# What Materials..



## Willow (Jun 1, 2010)

So I've been thinking for a while, and I don't know exactly if I'll ever do it or not, but it's always good to know in advance

Exactly what materials or programs does a person need for making comics?

Would using something like Photoshop be good enough, or is there more to it?


----------



## Watercolor_Lotus (Jun 1, 2010)

I've heard some people swear by MangaStudio, a program I think made specifically for comic making, but I suppose you could get by with just Photoshop, if you're doing it digitally. It might be easier if you had Illustrator in addition to PS, though. 

Traditionally, you'd need to choose something that would make a line - almost anything will do. There have been serious comics done with nothing more than ballpoint pens and cheap copy paper, though most professional comic artists love their bristol board and the tool of their choice. Common tools for comic artists include the brush, the nib pen, the technical pen, brush pens, and even just ordinary pencils.
Each has it's pros and cons, and some artists use all of the them.

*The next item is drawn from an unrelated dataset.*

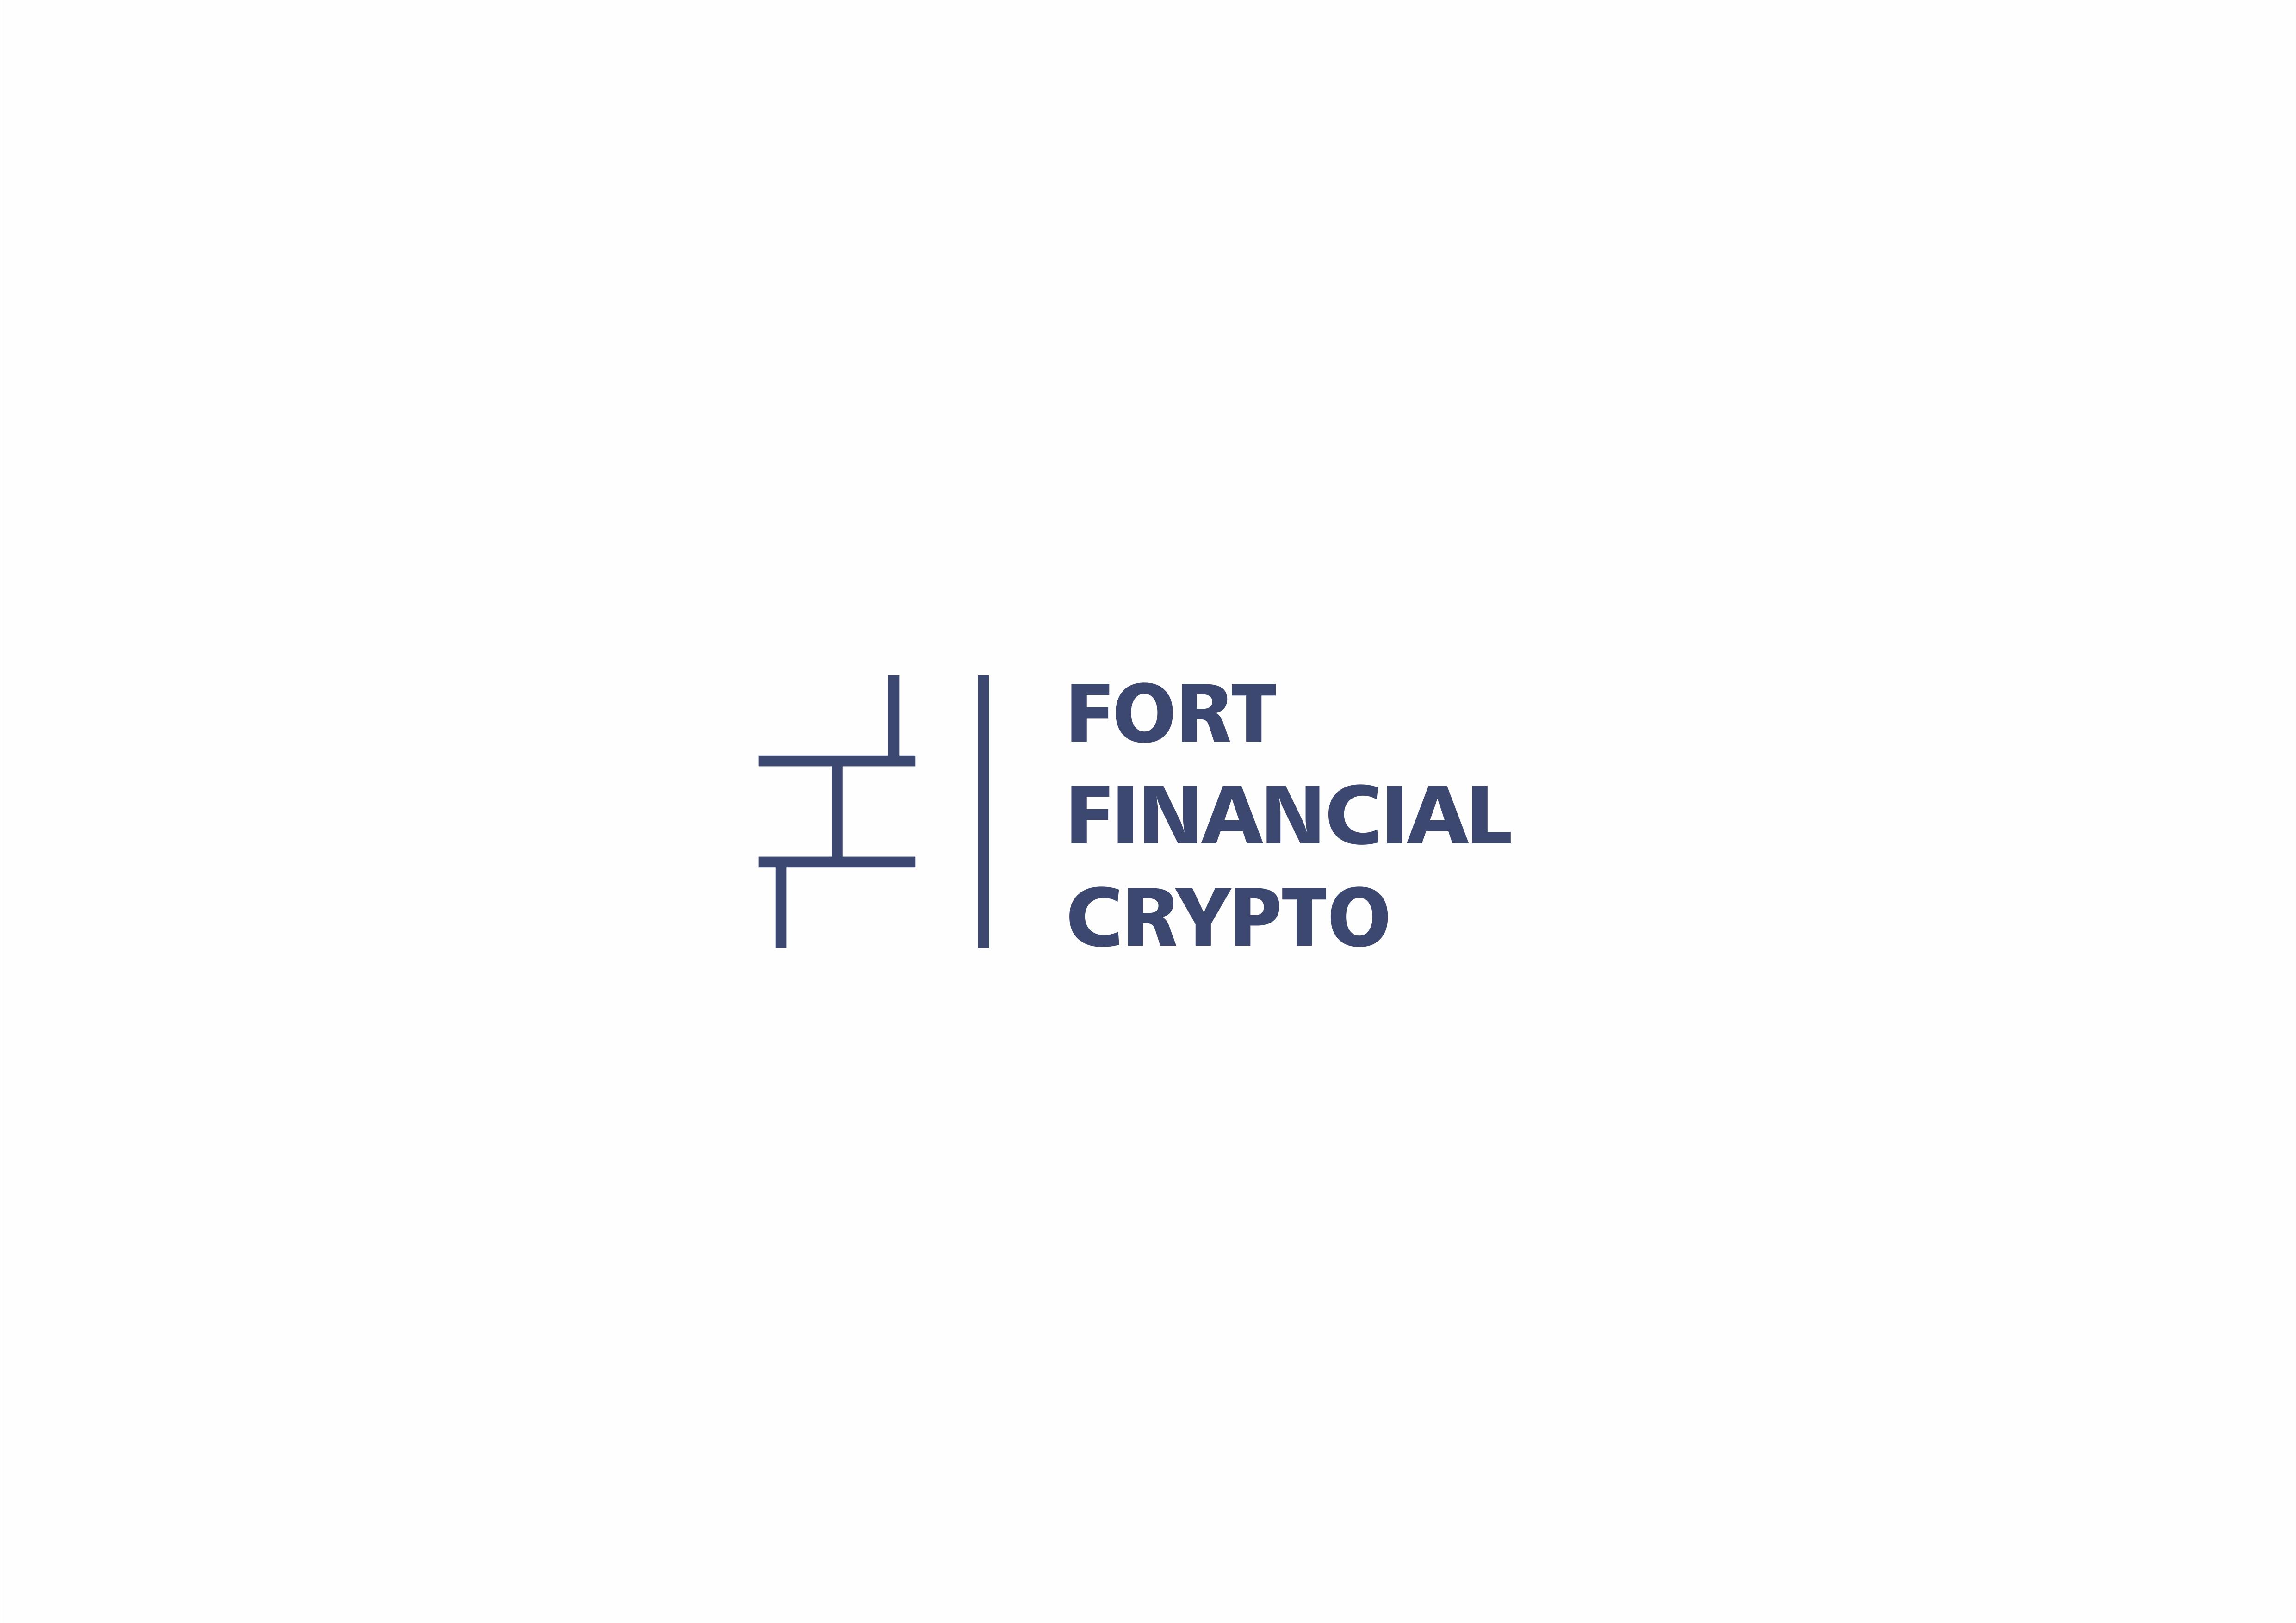 Разработка логотипа финансовой компании фото f_9745a8ec9d3b96d6.png

I've got Scott McCloud's book Making Comics, if you're wondering where I'm getting this from, lol. It's an awesome book C:

Edit: The book is done in a comic format and apparently it was done almost entirely in Photoshop, so if Scott could do it you can do it ;P


----------



## KingCabbage (Jun 3, 2010)

Photoshop is more than adequate.  Really all you need is paper and a pen.


----------



## quoting_mungo (Jun 3, 2010)

The hard part about making comics isn't the art, anyway. It's the narrative. I've some kind of Sequential Arts diploma and I still don't quite have the hang of it. 

But yeah. Pen(cil) and paper is probably what you need. A ruler is good to have as well; straight panel borders vs uneven hand-drawn ones really make a huge difference to people's perception of your work. (I used to do my webcomic without panel borders at all. Oh, the negative feedback I've gotten from that design choice.) Don't hand-letter unless your lettering looks neat-and-legible enough (my own lettering is honestly kind of borderline), and also avoid using Comic Sans; Blambot has some nice, neat-looking free fonts.

If you want to use screentones, a cheap simple way of getting enough to get you by is picking up How to Draw Manga: Computones, which includes a CD with a very user-friendly Photoshop plugin for screentoning your work. I've got I think three volumes of that series as well as Deleter Comic Works, and while Deleter does some things more neatly, the Photoshop plugin is _so_ much easier to use Deleter admittedly does a lot of collecting dust.


----------